Females of the Present Day,
considered as to their influence on society, &c.London: John Hatchard and Son, 1831 Stock Code: 124523
First edition, inscribed in a secretarial hand on the front free endpaper, "From the Author" (most likely executed by the publisher at the author's express request); and below this in a contemporary hand: "Mrs Grover".
The distinguished historian Linda Colley notes that, "This insistence that women must stay within the private sphere, while at the same time exerting moral influence outside it, dominated though it did not exhaust discussion of female rights in Great Britain in the first half of the nineteenth century. The anonymous, but clearly Anglican and conservative author of Females of the Present Day, Considered as to their influence on Society (1831), for example, echoed Hannah More in her belief that 'our influence in the country at this period is extensive', insisted that such influence was founded on woman's place in the home, yet warned, too, that domestic duties were incompatible with passivity: 'We were sent into this busy world to be useful'" (Britons: Forging the Nation 1707-1837, 2005, p. 276).

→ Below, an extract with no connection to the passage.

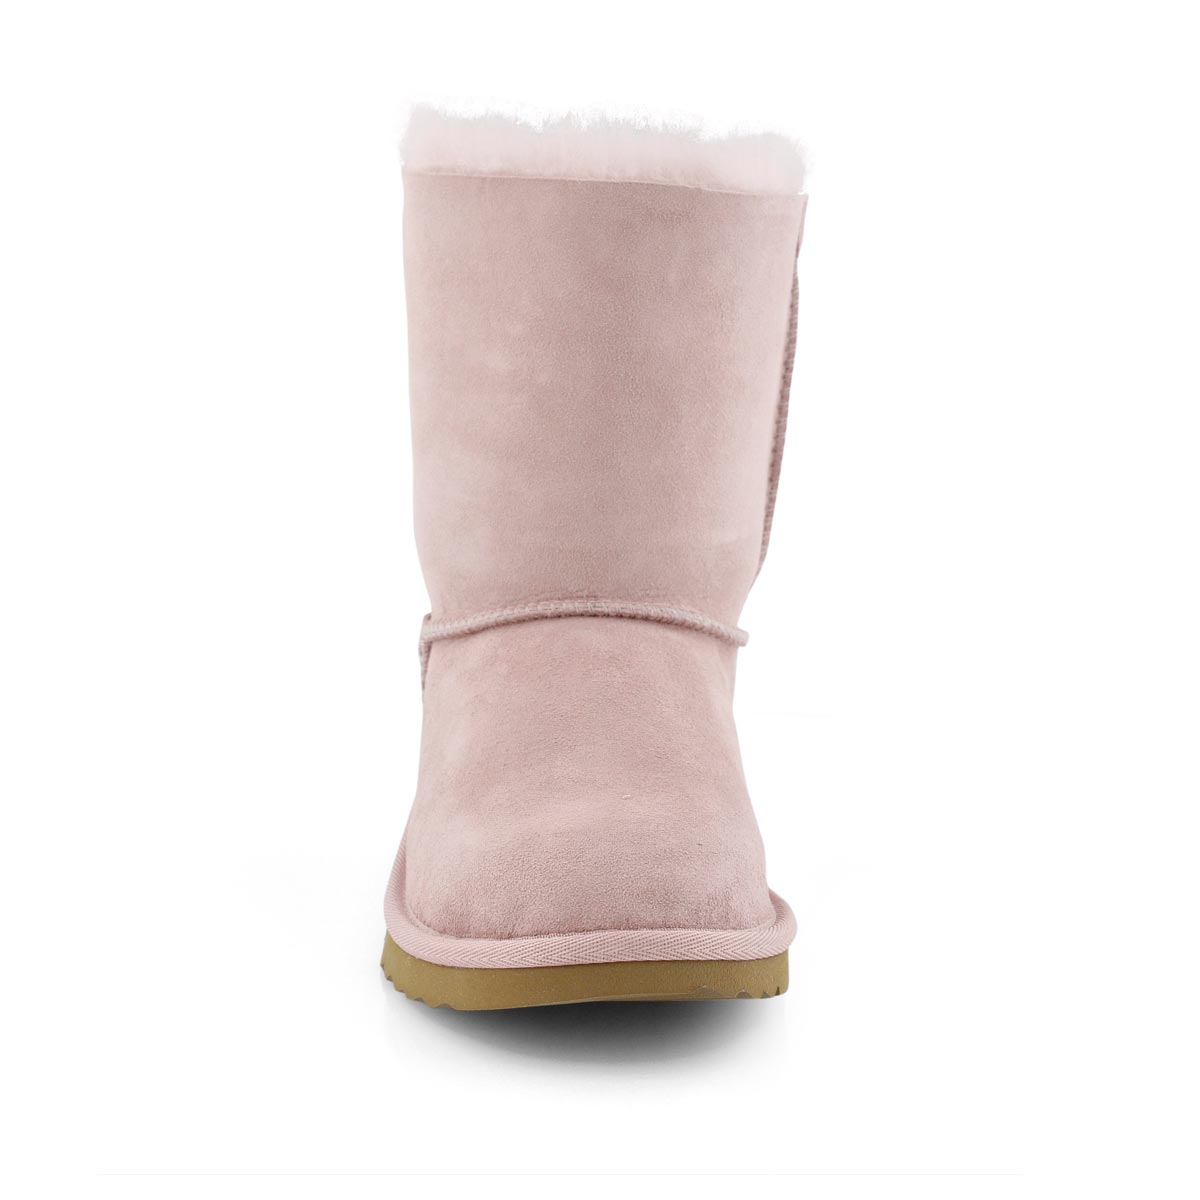 Girl's Bailey Bow II Sheepskin Boot - Pink Crystal

An online search of institutional libraries cites 8 locations in Britain and Ireland and just 5 internationally (University of Central Florida, Duke, NC Greensboro, Carnegie Library Pittsburgh, Bayerische Staatsbibliothek).
Octavo (165 x 97 mm). Contemporary purple calf, gilt lettered spine with floriate centre tools, gilt roll tool border on sides enclosing concentric blind fillets and rolls, central panel of overlapping scallop shingles, red speckled edges, marbled endpapers.
Neat annotation to title, altering the quotation from Ecclesiasticus 26:16: "As the sun when it ariseth in the high heaven; so is the beauty of a good wife in the ordinary ordering of her house". Spine a little worn and sunned (much of gilt rubbed away), corners rubbed, touch of foxing to endpapers, yet a very good copy.